### What to do
The range to repeat runs from the line with "12 tinkerbell tattoos" to the last line below, both ends included; give it exactly and without pictures.

### Data block
☆ ☆ ☆ ☆

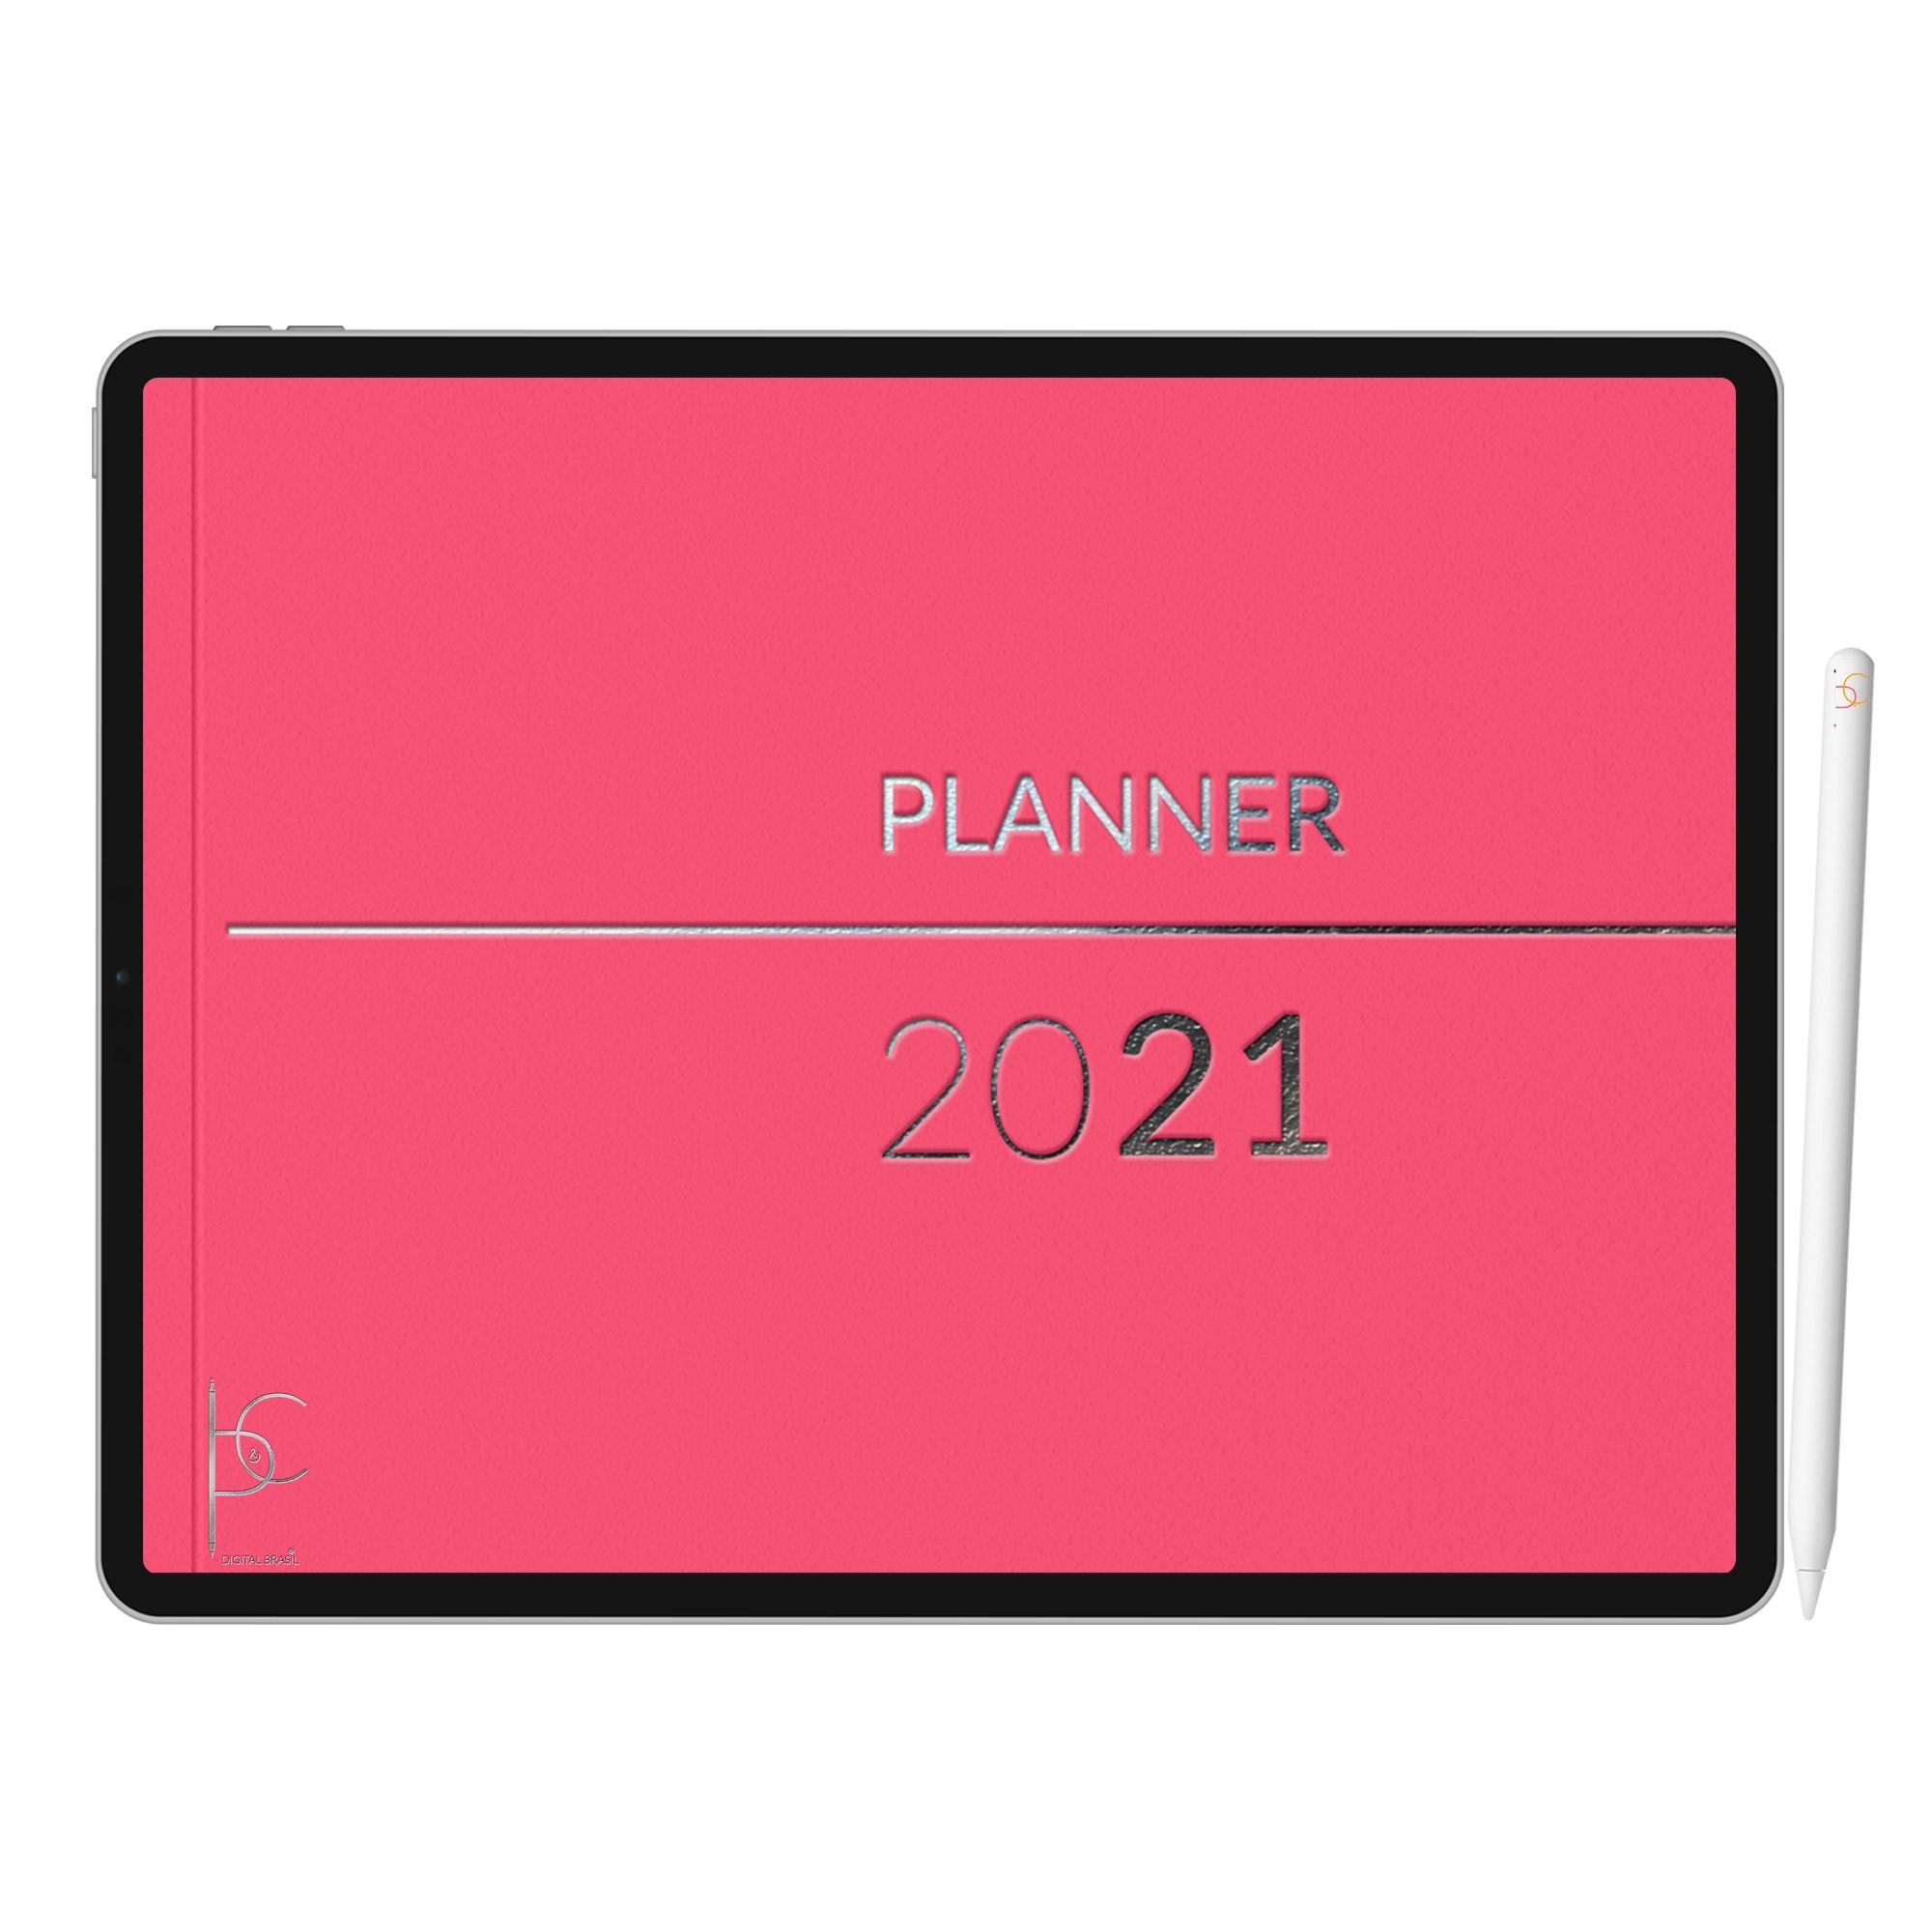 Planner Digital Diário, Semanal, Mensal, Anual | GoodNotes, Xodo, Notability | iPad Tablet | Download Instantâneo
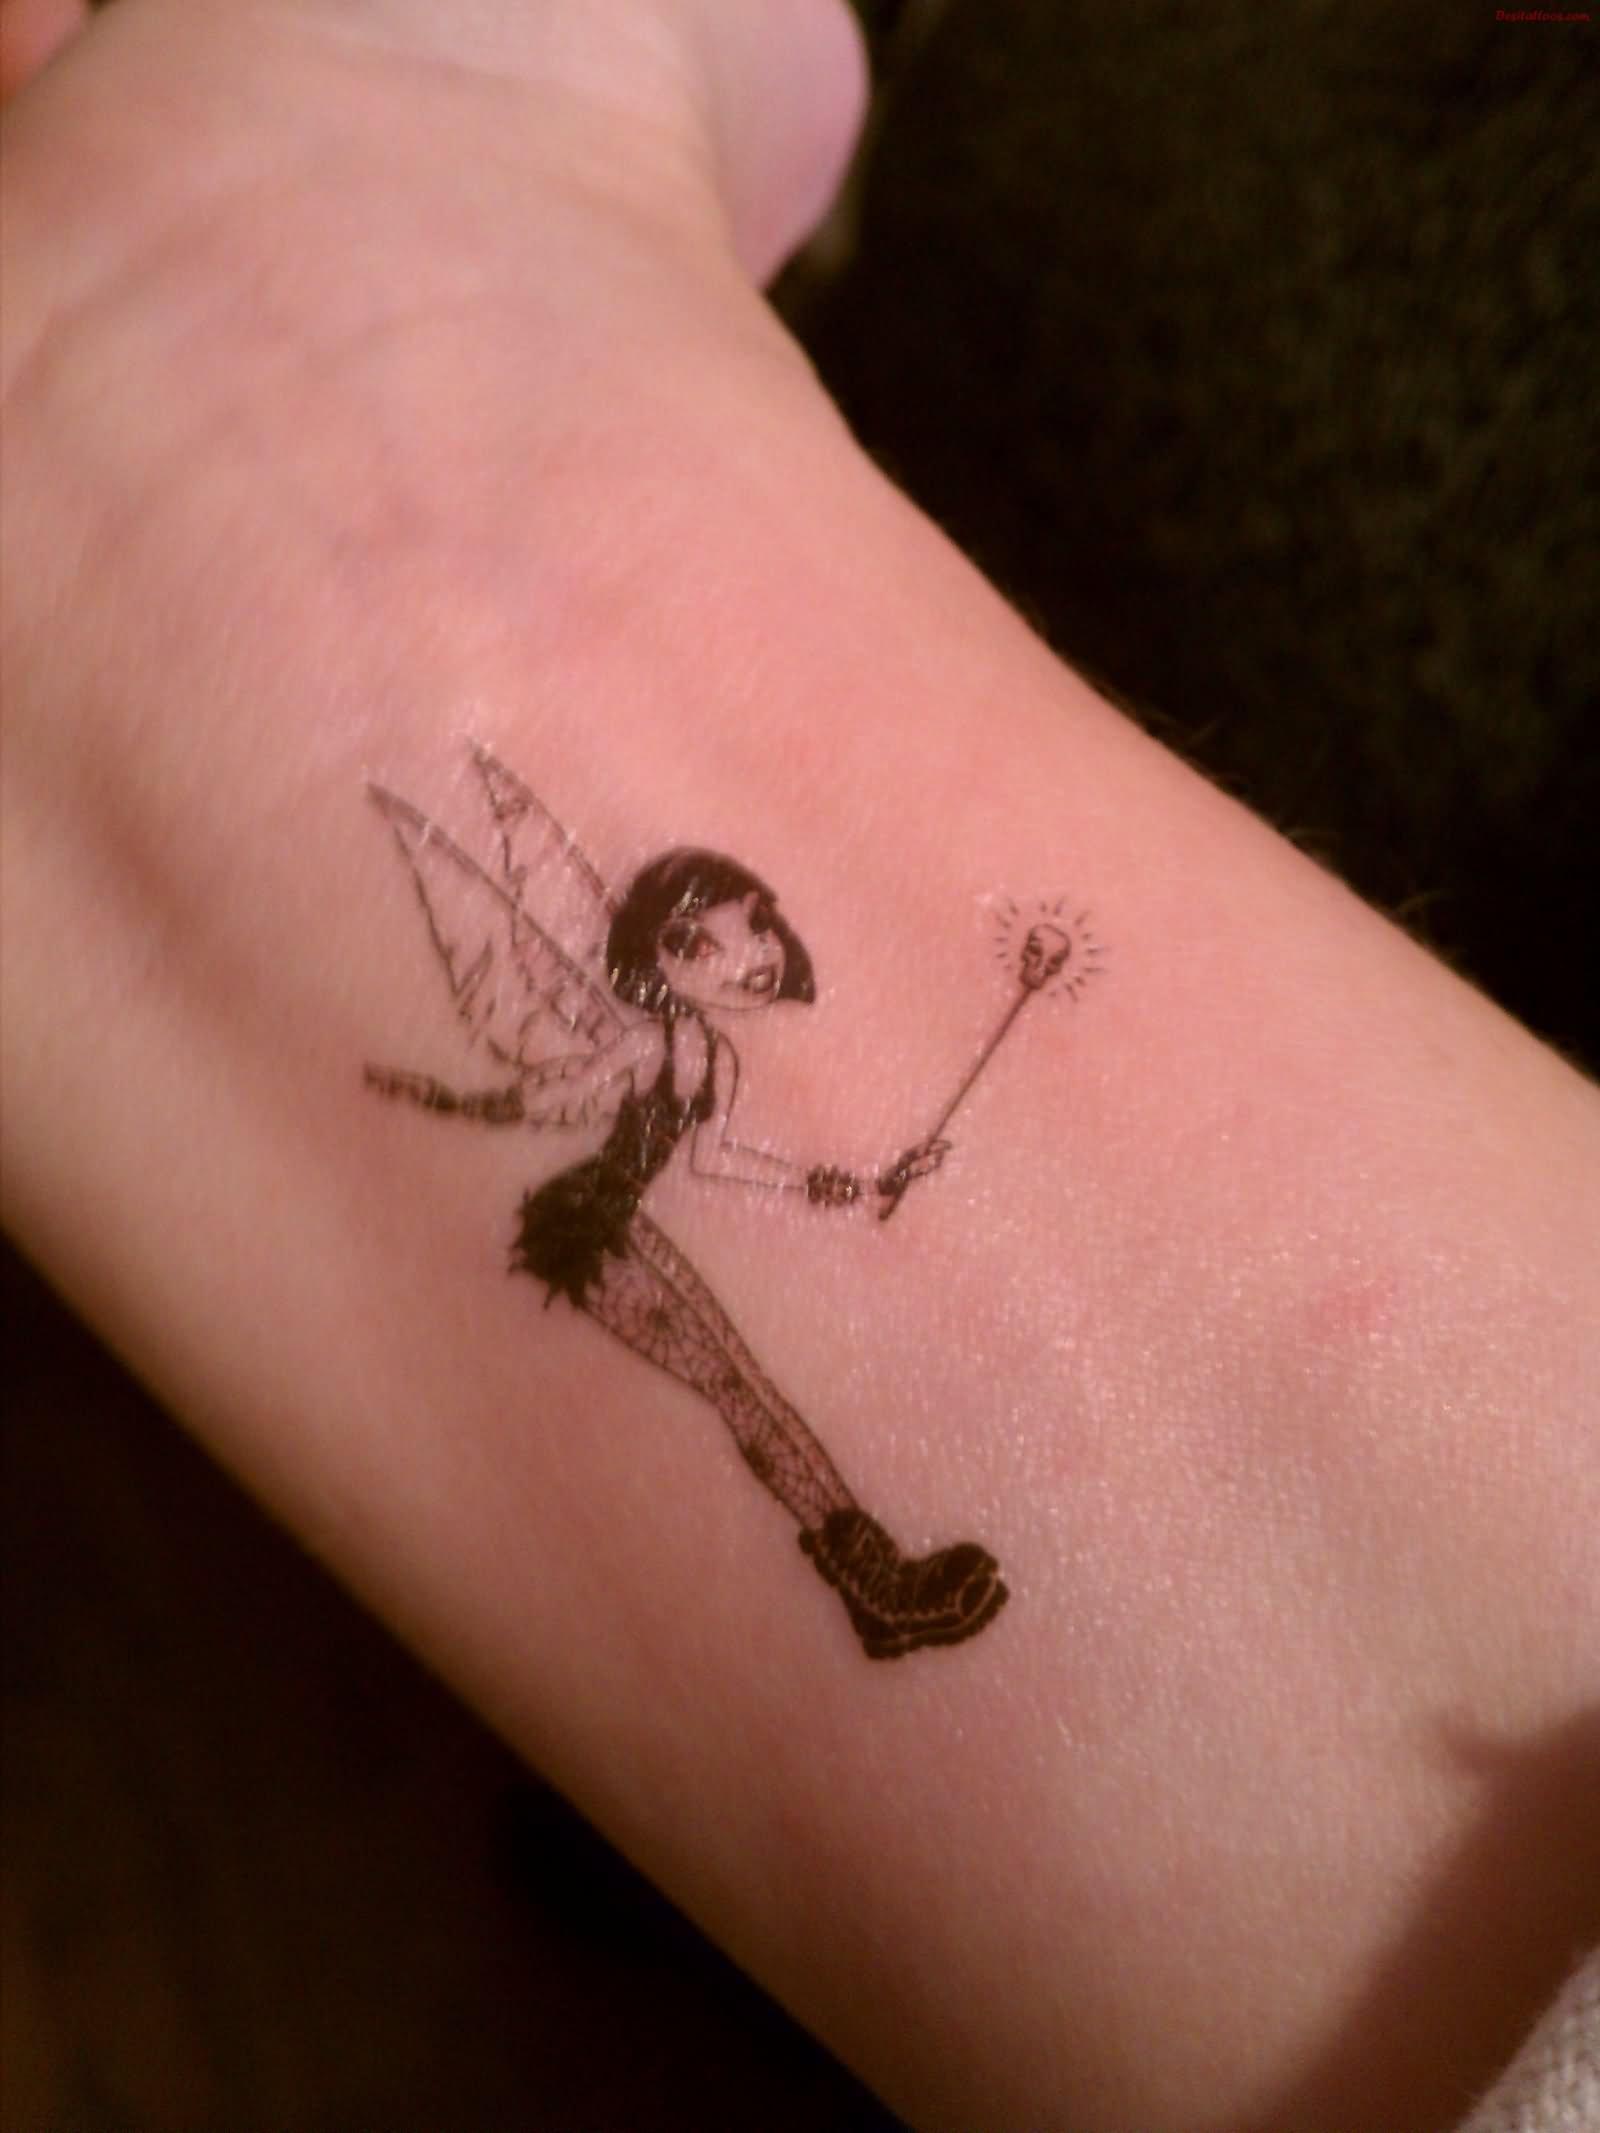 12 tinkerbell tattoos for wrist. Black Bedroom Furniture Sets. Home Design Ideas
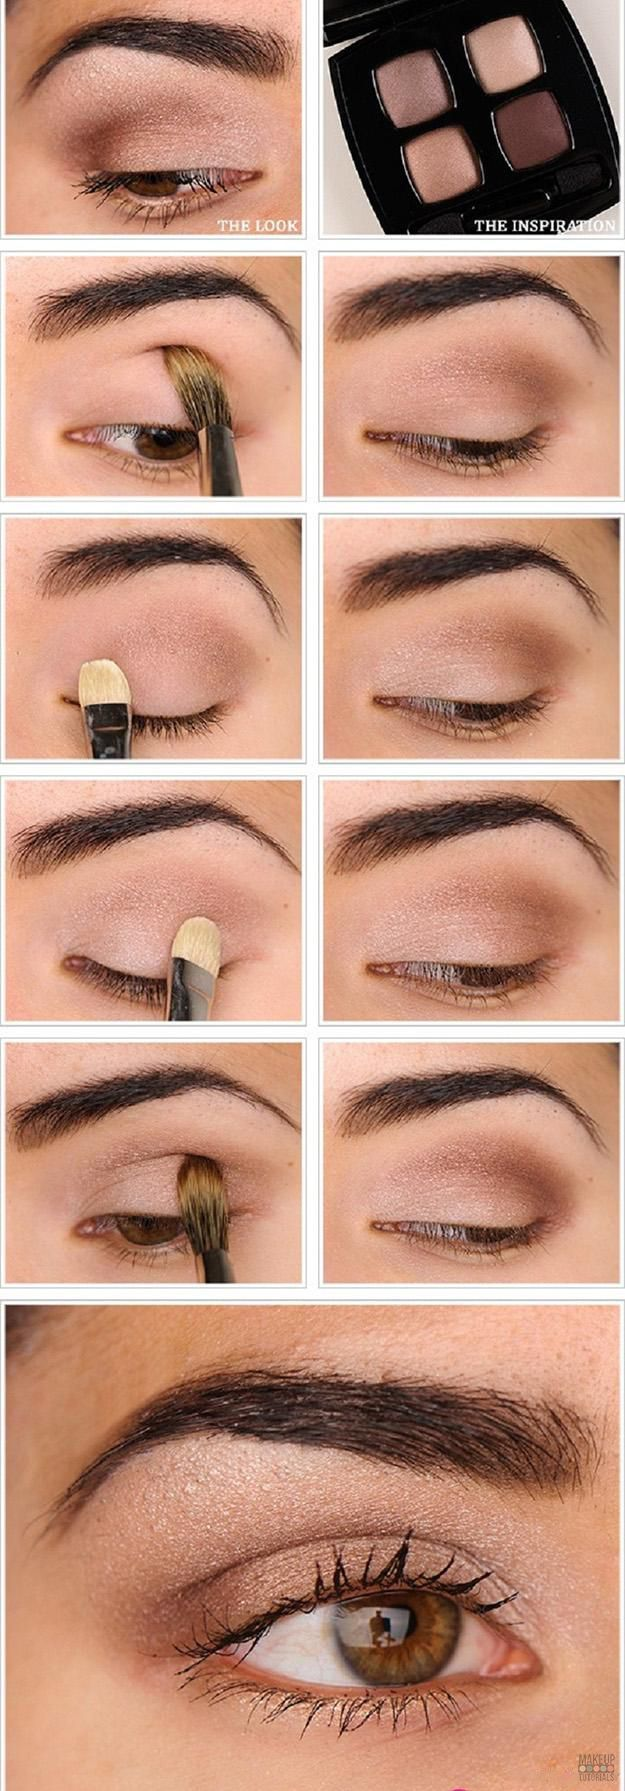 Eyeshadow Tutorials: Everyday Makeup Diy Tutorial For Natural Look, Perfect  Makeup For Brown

☆ ☆ ☆ ☆

### Problem solution
 12 tinkerbell tattoos for wrist. Black Bedroom Furniture Sets. Home Design Ideas
 Eyeshadow Tutorials: Everyday Makeup Diy Tutorial For Natural Look, Perfect  Makeup For Brown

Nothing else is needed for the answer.